§ **Supplied material**:
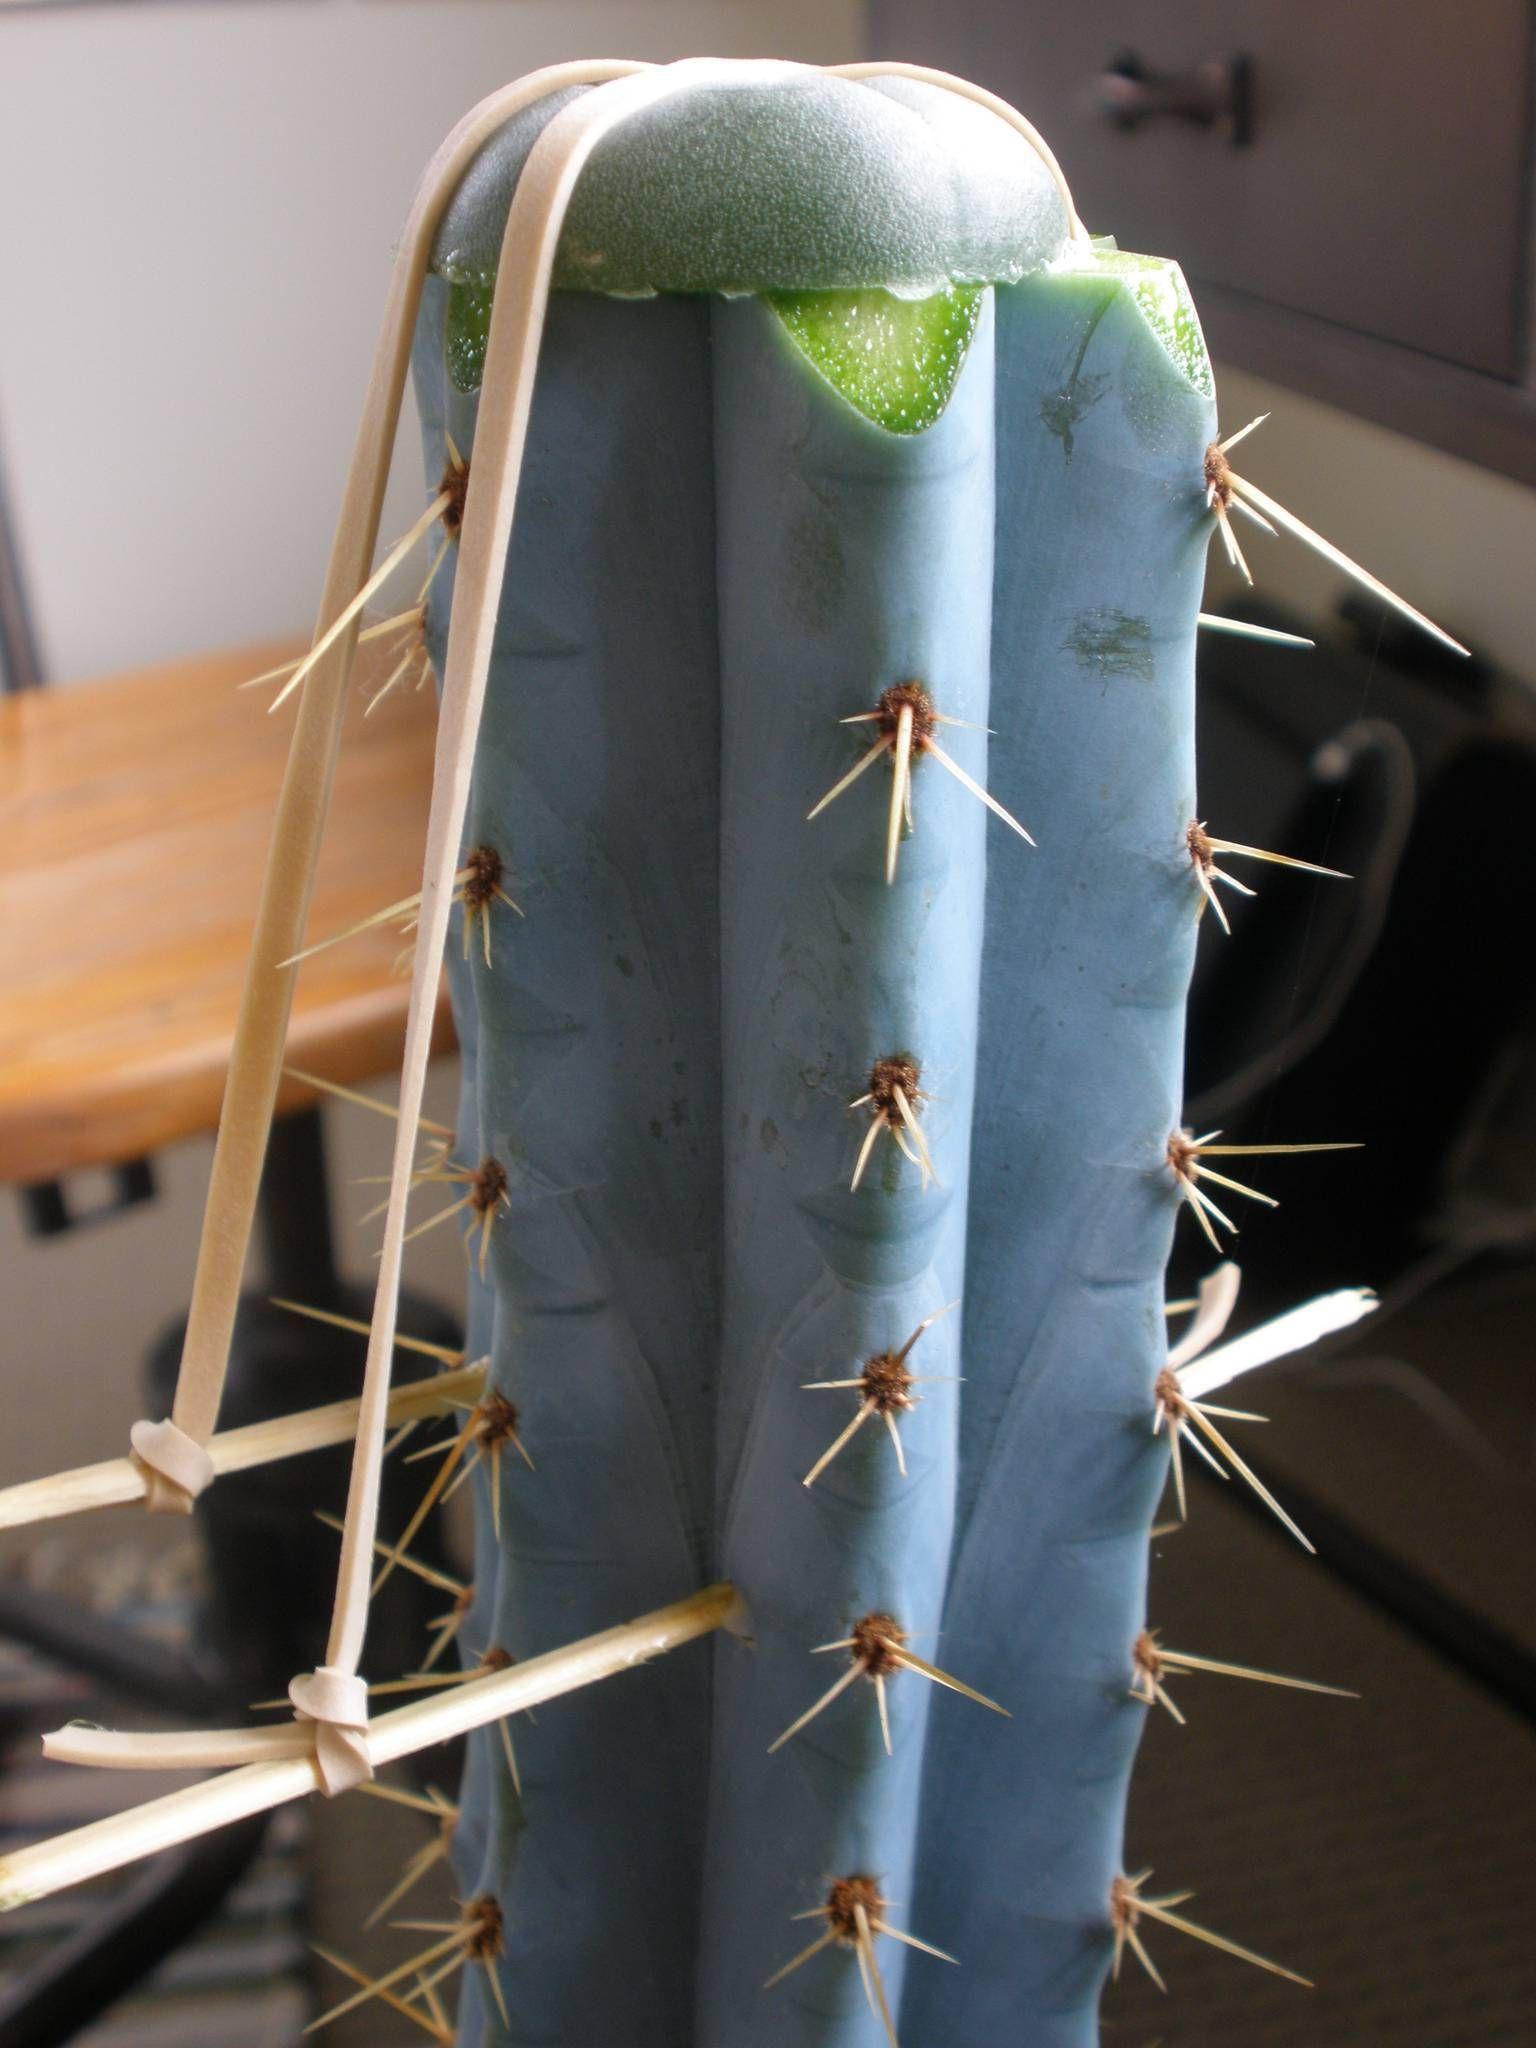 Cactus Id Please The Ethnobotanical Garden Grafted Cactus Cactus Cactus Plants
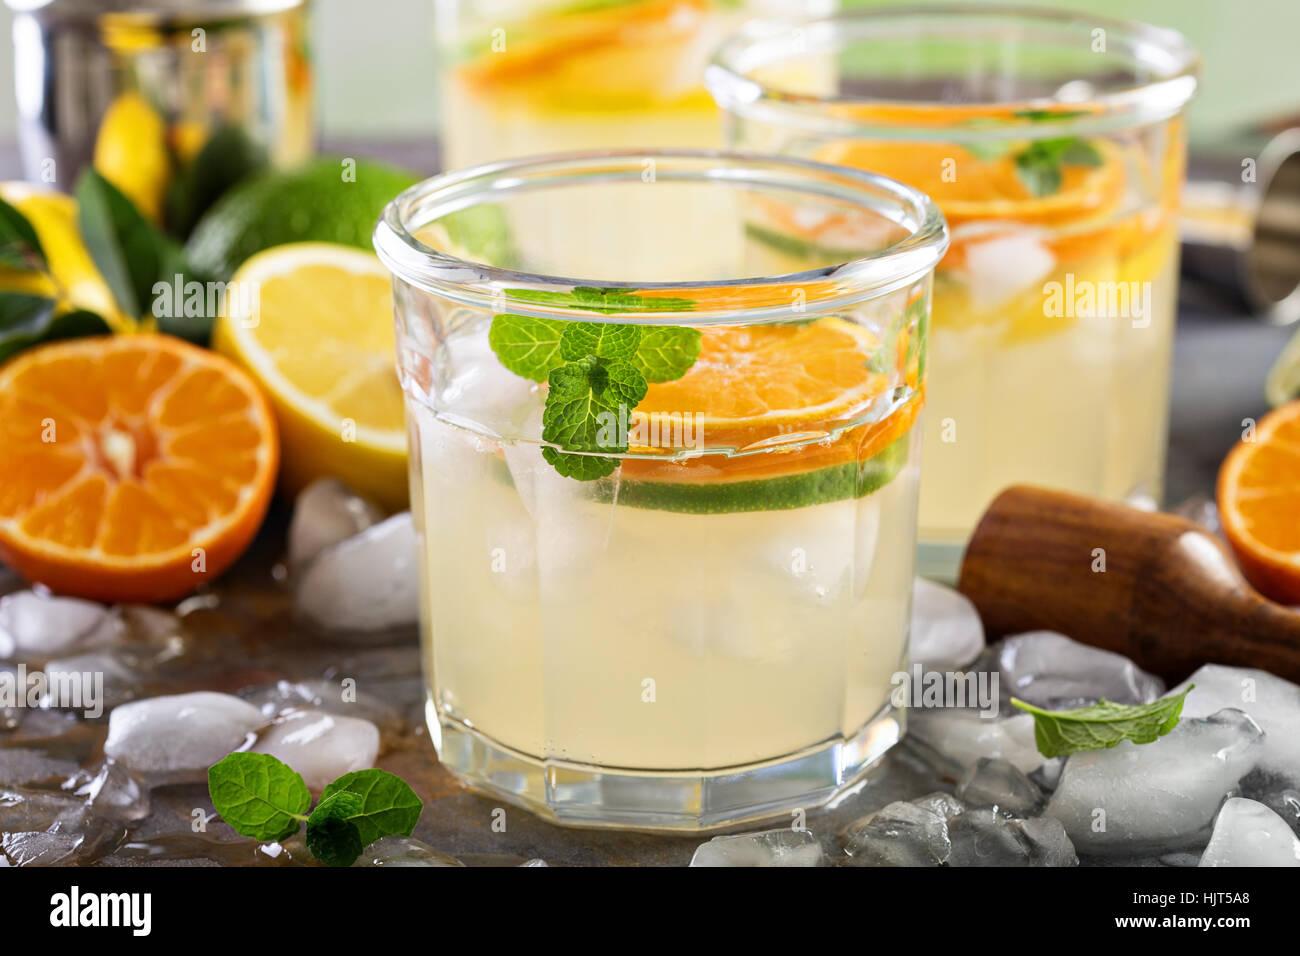 Verano refrescante cóctel con cítricos Imagen De Stock
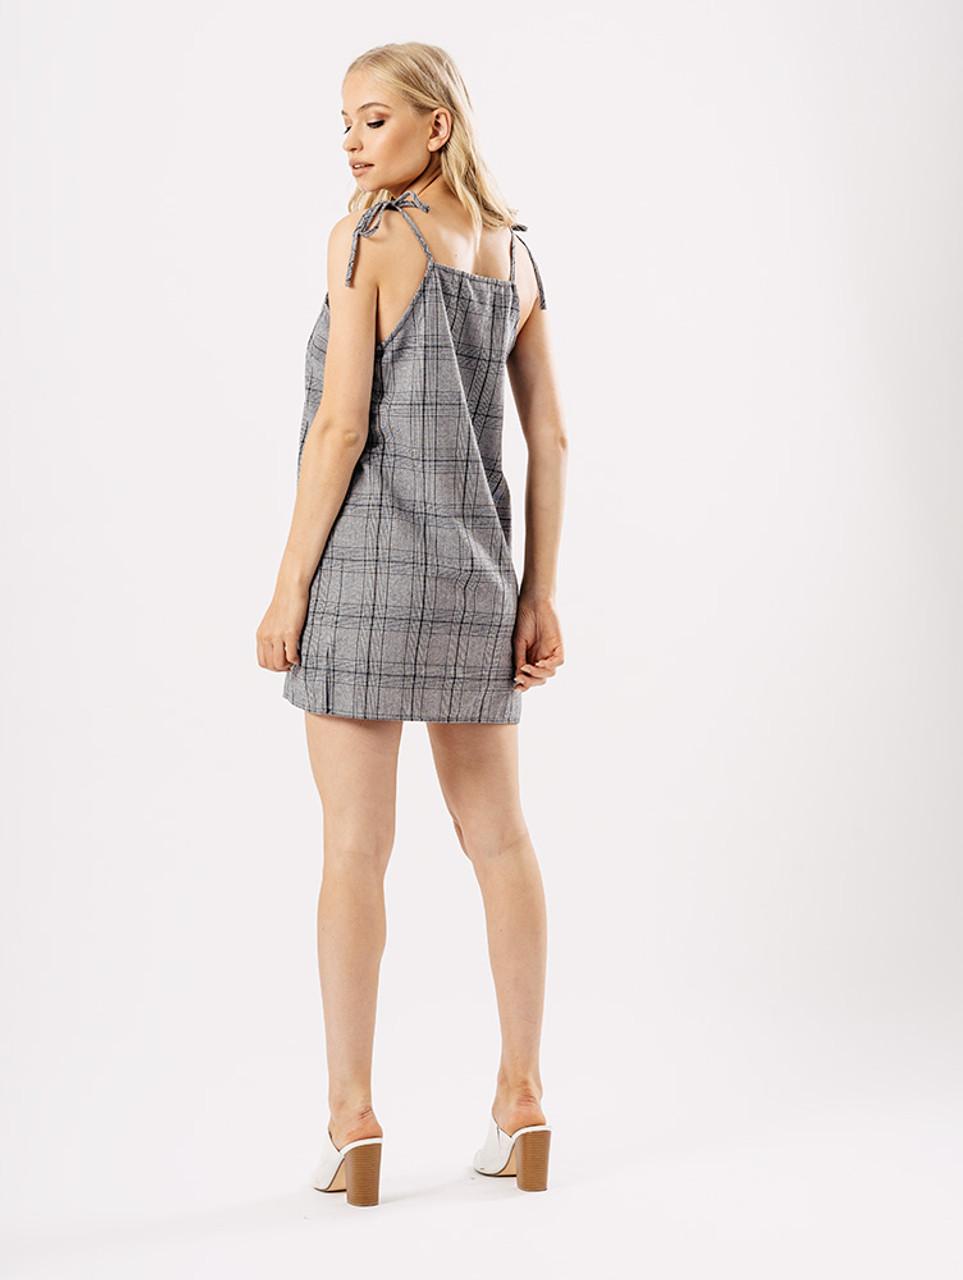 Gingham Check Print Summer Mini Dress

§ **Task objective**:
Pictures are to be left out; the listing above is otherwise to be copied exactly.

§ **Task response**:
 Cactus Id Please The Ethnobotanical Garden Grafted Cactus Cactus Cactus Plants
 Verano refrescante cóctel con cítricos Imagen De Stock
 Gingham Check Print Summer Mini Dress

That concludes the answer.